The aggressive scan option supports OS detection (-O), version scanning (-sV), script scanning (-sC), and traceroute (–traceroute). You should not use -A against target networks without permission.

Question 38

In NMAP, what does the -sV perform?

Answer 38

-sV detects service versions

Service version detection helps you to obtain information about the running services and their versions on a target system. Obtaining an accurate service version number allows you to determine which exploits the target system is vulnerable to.

Question 39

In NMAP, what does the -sU perform?

Answer 39

-sU is for performing UDP scan

The UDP scan uses UDP protocol instead of the TCP. There is no three-way handshake for the UDP scan. It sends UDP packets to the target host; no response means that the port is open. If the port is closed, an ICMP port unreachable message is received.

Question 40

In NMAP, what does the -sA perform?

Answer 40

-sA is for performing the ACK flag probe scan.

The ACK flag probe scan sends an ACK probe packet with a random sequence number; no response implies that the port is filtered (stateful firewall is present), and an RST response means that the port is not filtered.

Question 41

In NMAP, what does the -sM perform?

Answer 41

-sM is for performing the TCP Maimon scan

In the TCP Maimon scan, a FIN/ACK probe is sent to the target; if there is no response, then the port is Open|Filtered, but if the RST packet is sent as a response, then the port is closed.

Question 42

In NMAP, what does the -sX perform?

Answer 42

-sX is for xmas scan

Xmas scan sends a TCP frame to a target system with FIN, URG, and PUSH flags set. If the target has opened the port, then you will receive no response from the target system. If the target has closed the port, then you will receive a target system reply with an RST.

Question 43

In NMAP, what does the -sS perform?

Answer 43

-sS is for performing stealth scan/TCP half-open scan

The stealth scan involves resetting the TCP connection between the client and server abruptly before completion of three-way handshake signals, and hence leaving the connection half-open. This scanning technique can be used to bypass firewall rules, logging mechanisms, and hide under network traffic.

Question 44

In NMAP, TCP connect scan completes a three-way handshake with the target machine.
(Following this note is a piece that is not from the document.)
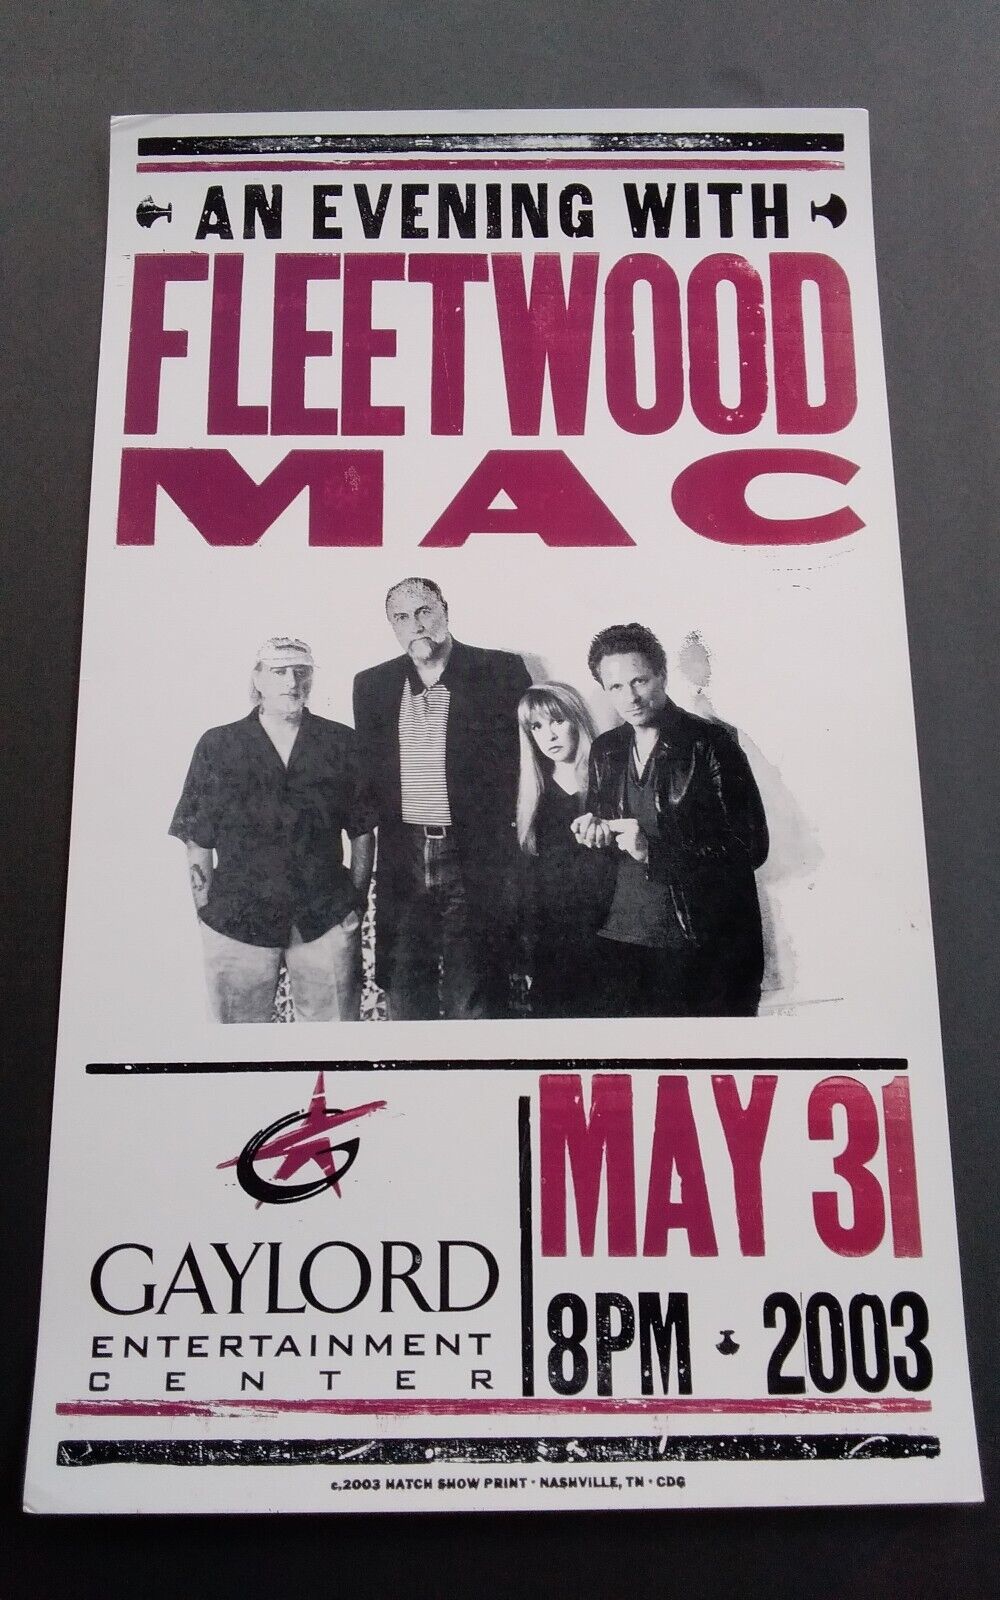 Fleetwood Mac 2003 Hatch Show Print Nashville GAYLORD Concert Poster BRIDGESTONE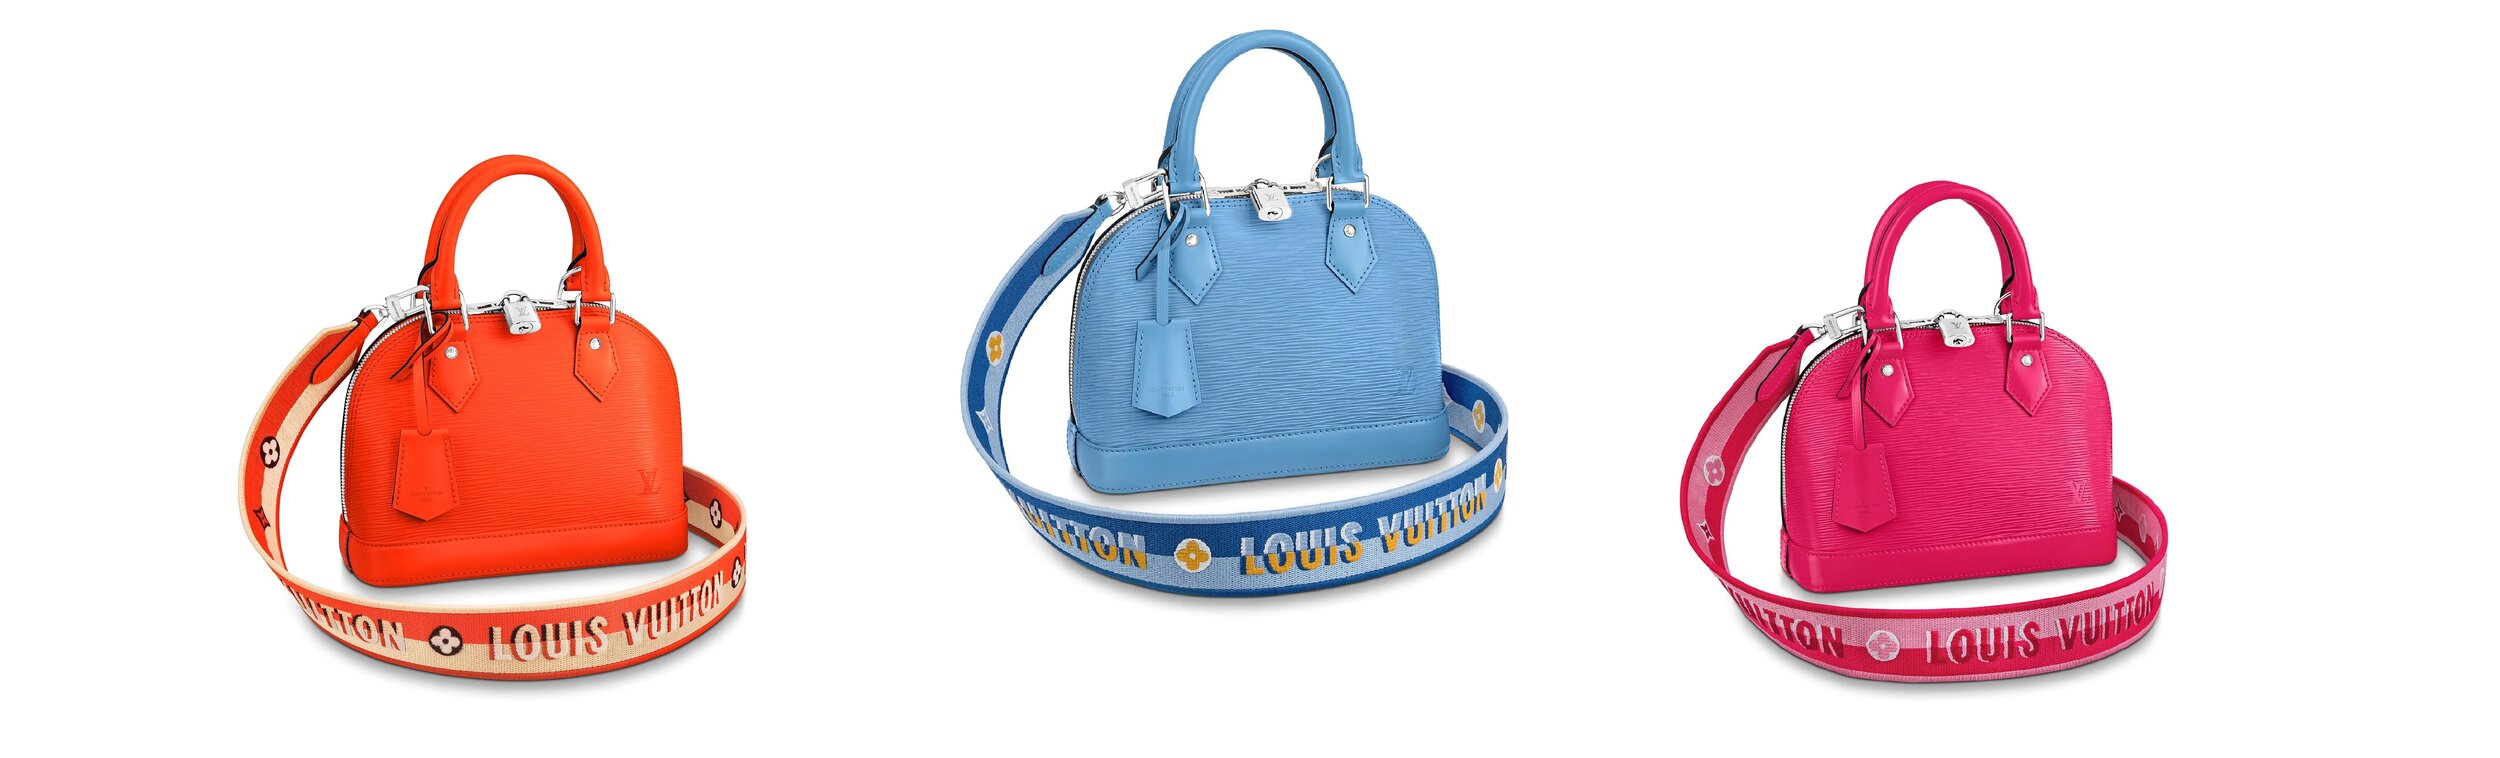 Louis Vuitton Alma BB Review + Best first LV bag

How is this handshake completed and what would the client need to send to end the connection?

Answer 44

In the TCP three-way handshake, the client sends a SYN packet, which the recipient acknowledges with the SYN+ACK packet. In turn, the client acknowledges the SYN+ACK packet with an ACK packet to complete the connection.

Once the handshake is completed, the client sends an RST packet to end the connection.

Question 45

In NMAP, what does -sT perform?

Answer 45

-sT: performs the TCP connect/full open scan

Question 46

In NMAP, what does -v perform?

Answer 46

-v: enables the verbose output (include all hosts and ports in the output).